__WHAT THE TASK ASKS__: Every line in the data below from the one containing "Mayor Rotheram with" down to the one containing "From dwarves to", both included, must be retyped exactly; no other line is to appear.

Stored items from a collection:
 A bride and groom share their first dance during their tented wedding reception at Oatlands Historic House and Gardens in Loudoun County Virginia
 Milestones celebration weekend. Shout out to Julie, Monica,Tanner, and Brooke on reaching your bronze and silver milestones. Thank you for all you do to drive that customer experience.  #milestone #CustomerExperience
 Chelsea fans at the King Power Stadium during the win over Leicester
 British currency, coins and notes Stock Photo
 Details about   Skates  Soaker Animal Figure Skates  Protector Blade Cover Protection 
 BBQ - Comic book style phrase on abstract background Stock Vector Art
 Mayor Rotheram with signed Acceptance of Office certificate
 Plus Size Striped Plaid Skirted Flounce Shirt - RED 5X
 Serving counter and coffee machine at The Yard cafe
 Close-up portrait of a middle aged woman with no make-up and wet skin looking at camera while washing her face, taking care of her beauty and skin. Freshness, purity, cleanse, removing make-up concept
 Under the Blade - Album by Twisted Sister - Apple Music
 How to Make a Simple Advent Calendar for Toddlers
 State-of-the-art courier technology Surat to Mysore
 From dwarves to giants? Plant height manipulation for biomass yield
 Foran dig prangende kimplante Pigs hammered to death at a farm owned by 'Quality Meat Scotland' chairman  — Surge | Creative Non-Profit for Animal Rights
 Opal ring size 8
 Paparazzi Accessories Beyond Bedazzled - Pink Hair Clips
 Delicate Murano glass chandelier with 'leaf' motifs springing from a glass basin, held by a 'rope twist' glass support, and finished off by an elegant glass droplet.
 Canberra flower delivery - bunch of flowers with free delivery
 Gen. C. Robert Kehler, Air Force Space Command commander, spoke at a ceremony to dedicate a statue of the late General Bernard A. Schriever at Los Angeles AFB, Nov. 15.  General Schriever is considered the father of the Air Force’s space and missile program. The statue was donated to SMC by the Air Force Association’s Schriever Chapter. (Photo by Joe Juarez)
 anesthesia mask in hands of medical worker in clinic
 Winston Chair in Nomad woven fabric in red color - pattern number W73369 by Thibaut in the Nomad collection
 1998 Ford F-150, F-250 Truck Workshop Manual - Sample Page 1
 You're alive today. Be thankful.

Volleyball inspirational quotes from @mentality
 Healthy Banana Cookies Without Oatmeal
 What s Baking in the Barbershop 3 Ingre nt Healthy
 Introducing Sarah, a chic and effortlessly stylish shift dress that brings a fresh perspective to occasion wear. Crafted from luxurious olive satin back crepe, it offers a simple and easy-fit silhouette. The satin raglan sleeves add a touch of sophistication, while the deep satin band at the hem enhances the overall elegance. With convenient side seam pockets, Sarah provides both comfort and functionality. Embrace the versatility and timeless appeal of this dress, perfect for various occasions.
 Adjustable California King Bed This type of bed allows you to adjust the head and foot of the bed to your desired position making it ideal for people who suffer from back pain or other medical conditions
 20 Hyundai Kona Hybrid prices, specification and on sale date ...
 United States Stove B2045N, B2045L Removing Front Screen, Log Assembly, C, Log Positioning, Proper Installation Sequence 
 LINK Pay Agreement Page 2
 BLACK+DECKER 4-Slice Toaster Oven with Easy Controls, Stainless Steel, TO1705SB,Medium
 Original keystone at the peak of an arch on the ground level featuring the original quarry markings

__TASK OUTPUT__:
 Mayor Rotheram with signed Acceptance of Office certificate
 Plus Size Striped Plaid Skirted Flounce Shirt - RED 5X
 Serving counter and coffee machine at The Yard cafe
 Close-up portrait of a middle aged woman with no make-up and wet skin looking at camera while washing her face, taking care of her beauty and skin. Freshness, purity, cleanse, removing make-up concept
 Under the Blade - Album by Twisted Sister - Apple Music
 How to Make a Simple Advent Calendar for Toddlers
 State-of-the-art courier technology Surat to Mysore
 From dwarves to giants? Plant height manipulation for biomass yield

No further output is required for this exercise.